-- EXERCISE INPUT follows --

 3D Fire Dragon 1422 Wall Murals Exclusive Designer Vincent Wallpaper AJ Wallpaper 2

-- EXERCISE INPUT concluded --
-- EXERCISE INPUT follows --

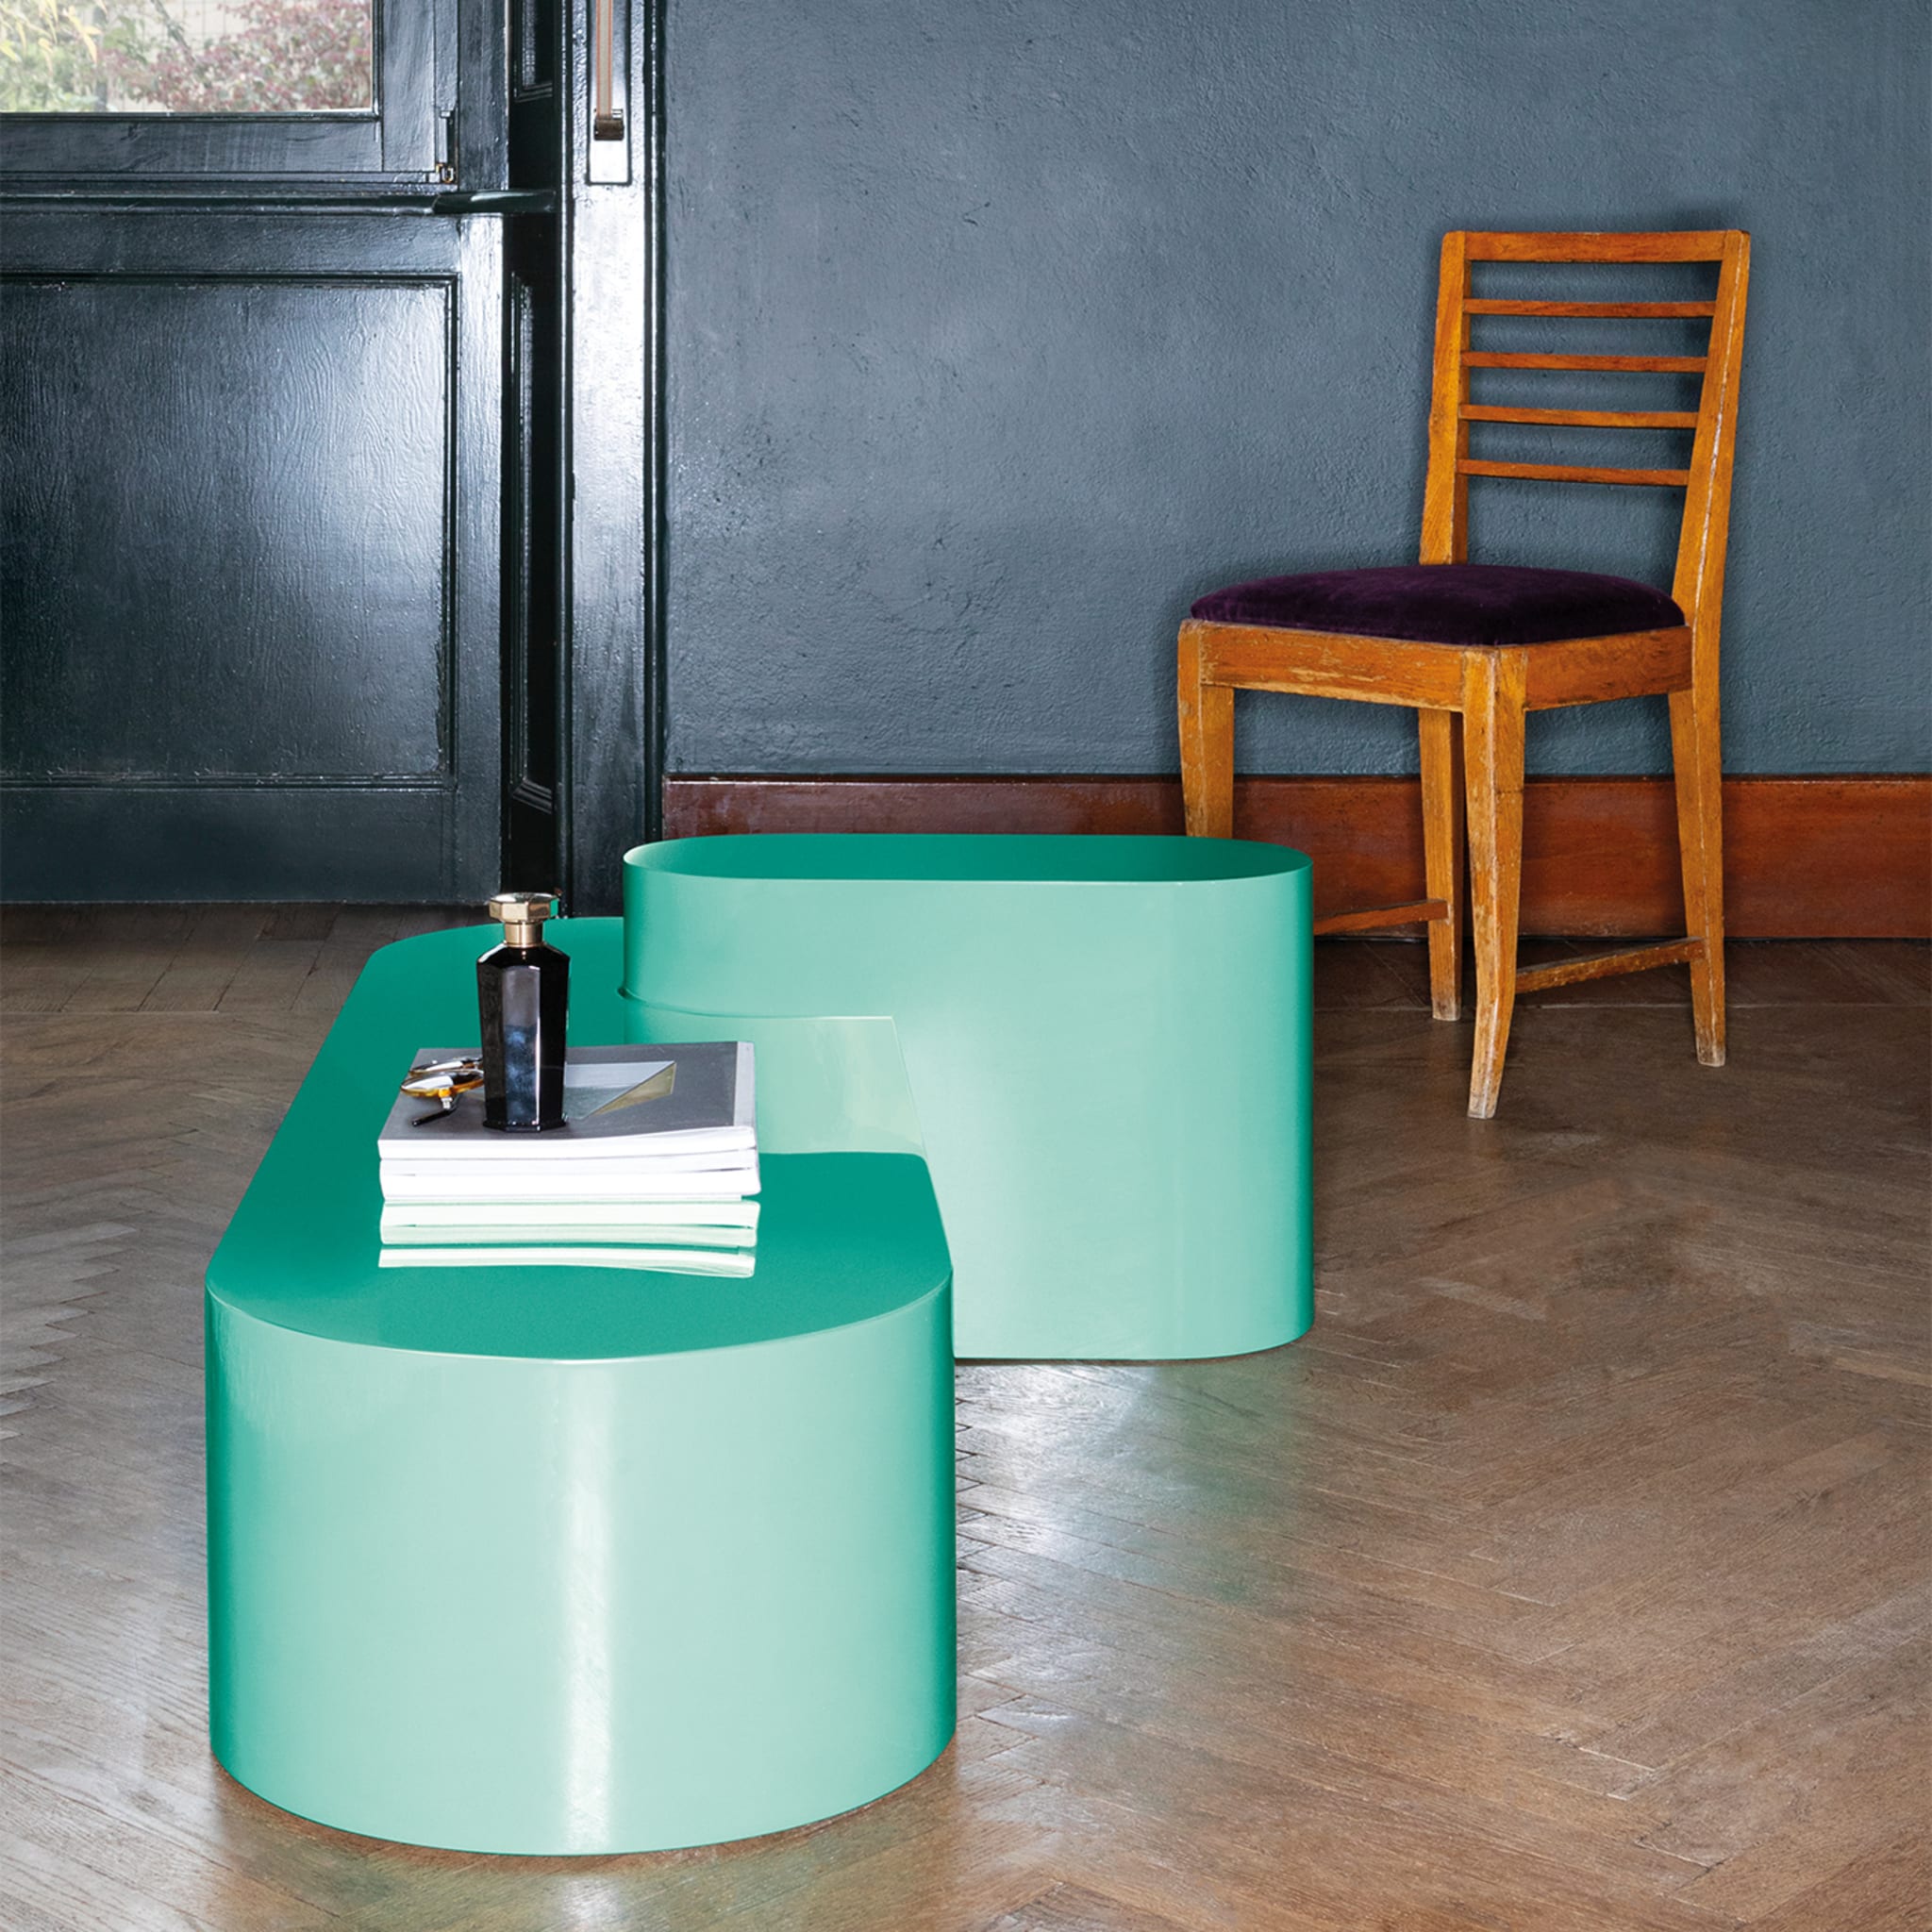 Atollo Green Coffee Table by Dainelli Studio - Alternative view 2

-- EXERCISE INPUT concluded --
-- EXERCISE INPUT follows --

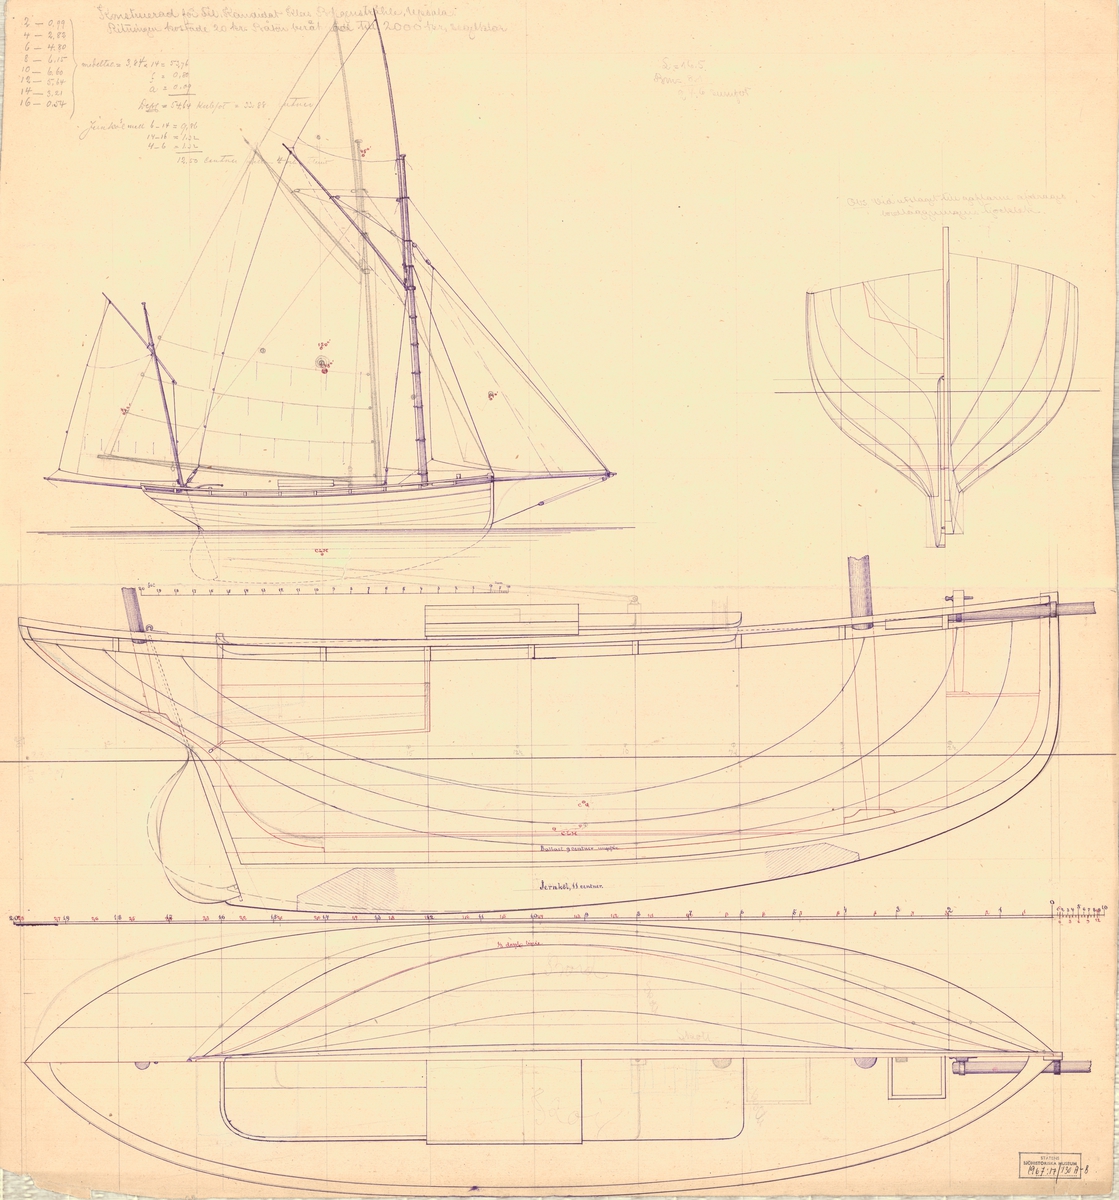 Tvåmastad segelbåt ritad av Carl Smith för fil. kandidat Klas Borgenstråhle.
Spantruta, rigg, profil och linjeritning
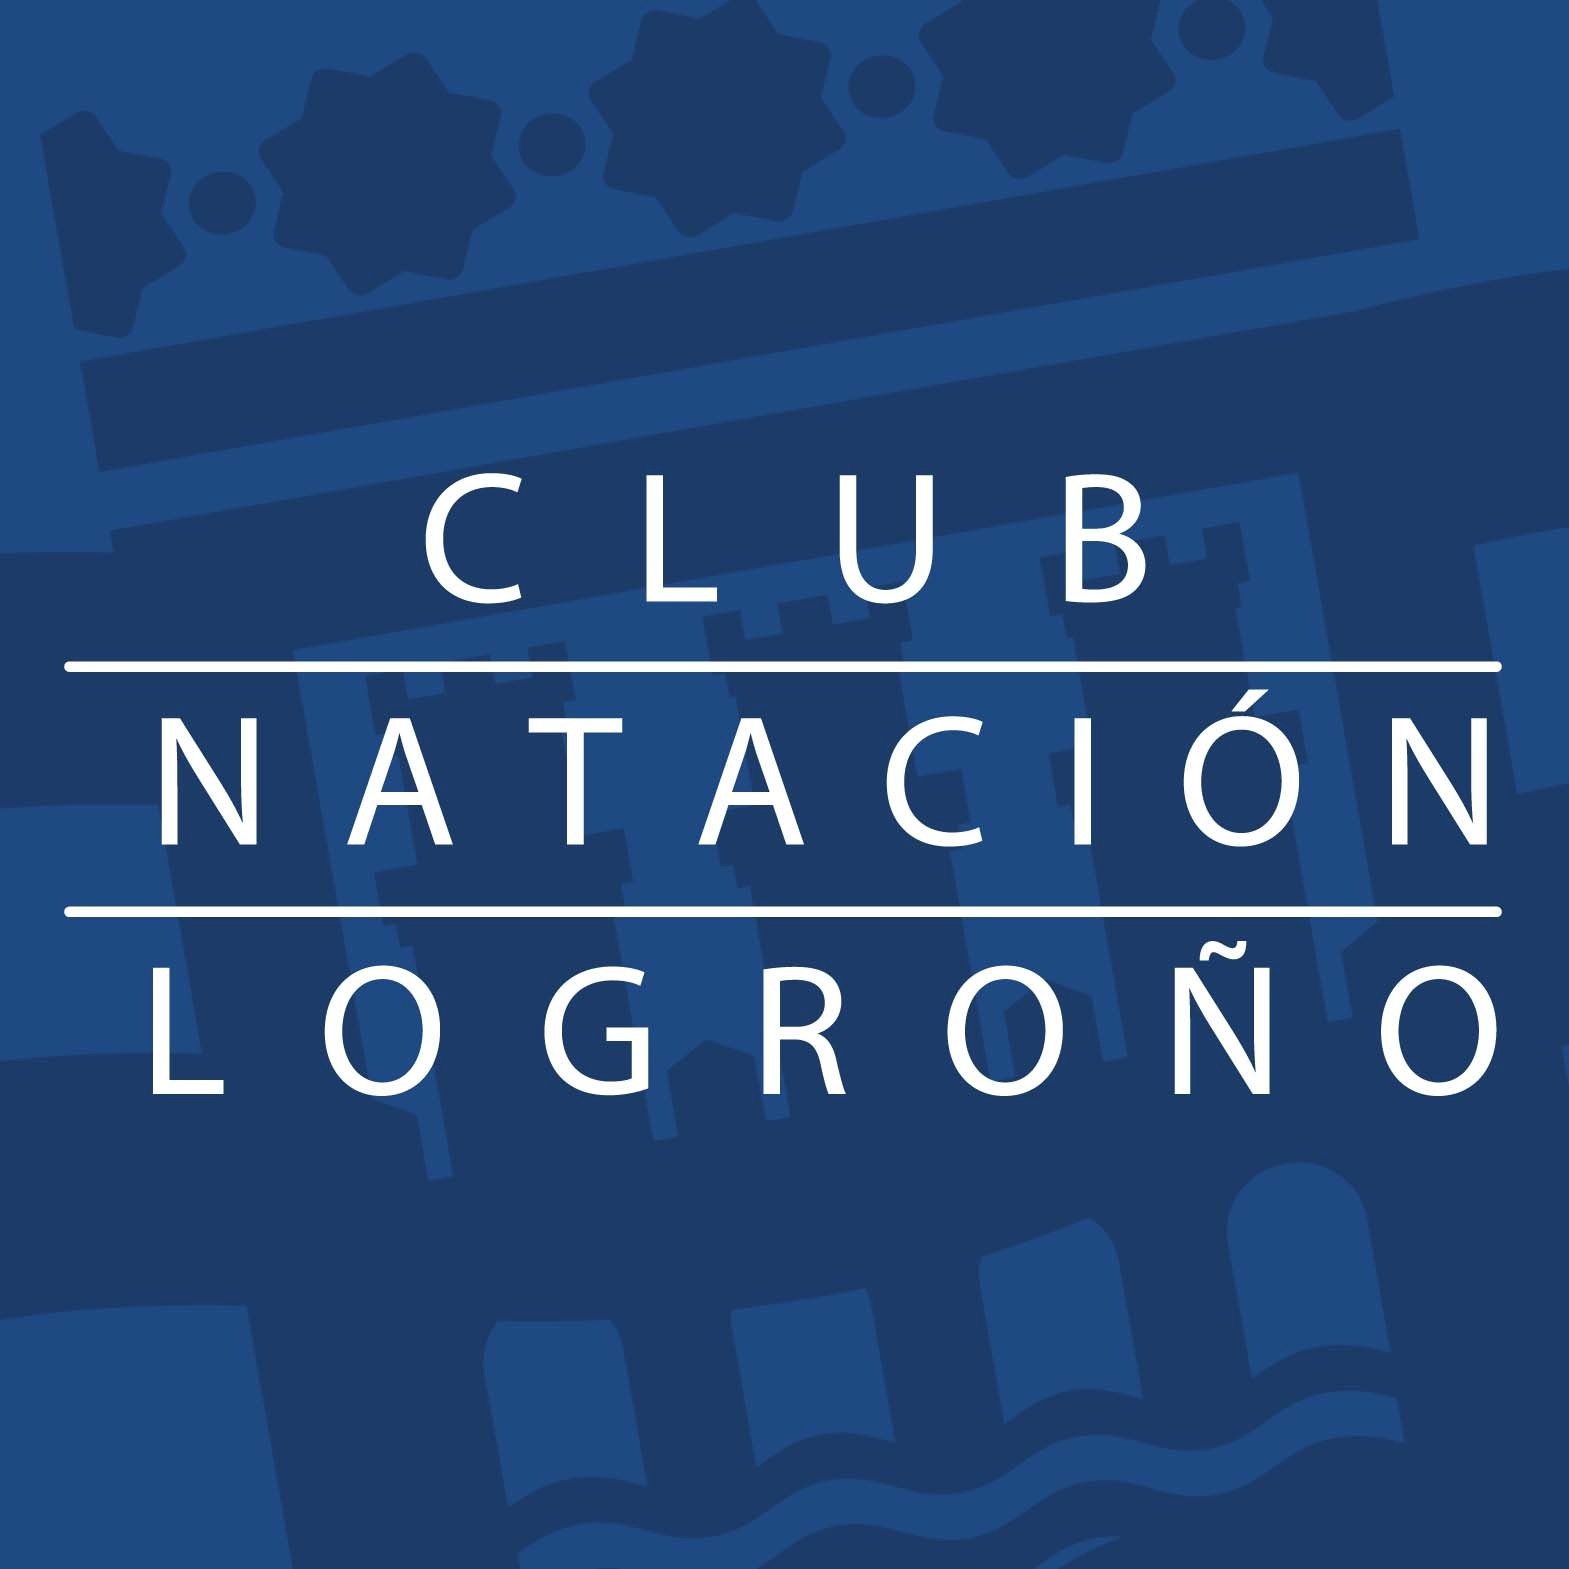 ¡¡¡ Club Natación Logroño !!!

-- EXERCISE INPUT concluded --

— PROBLEM STATEMENT —
Look above for the line with "Tvåmastad segelbåt ritad" and the line with "Natación Logroño !!!". Copy them and every line between, exactly, but no pictures.

— RESPONSE —
 Tvåmastad segelbåt ritad av Carl Smith för fil. kandidat Klas Borgenstråhle.
Spantruta, rigg, profil och linjeritning
 ¡¡¡ Club Natación Logroño !!!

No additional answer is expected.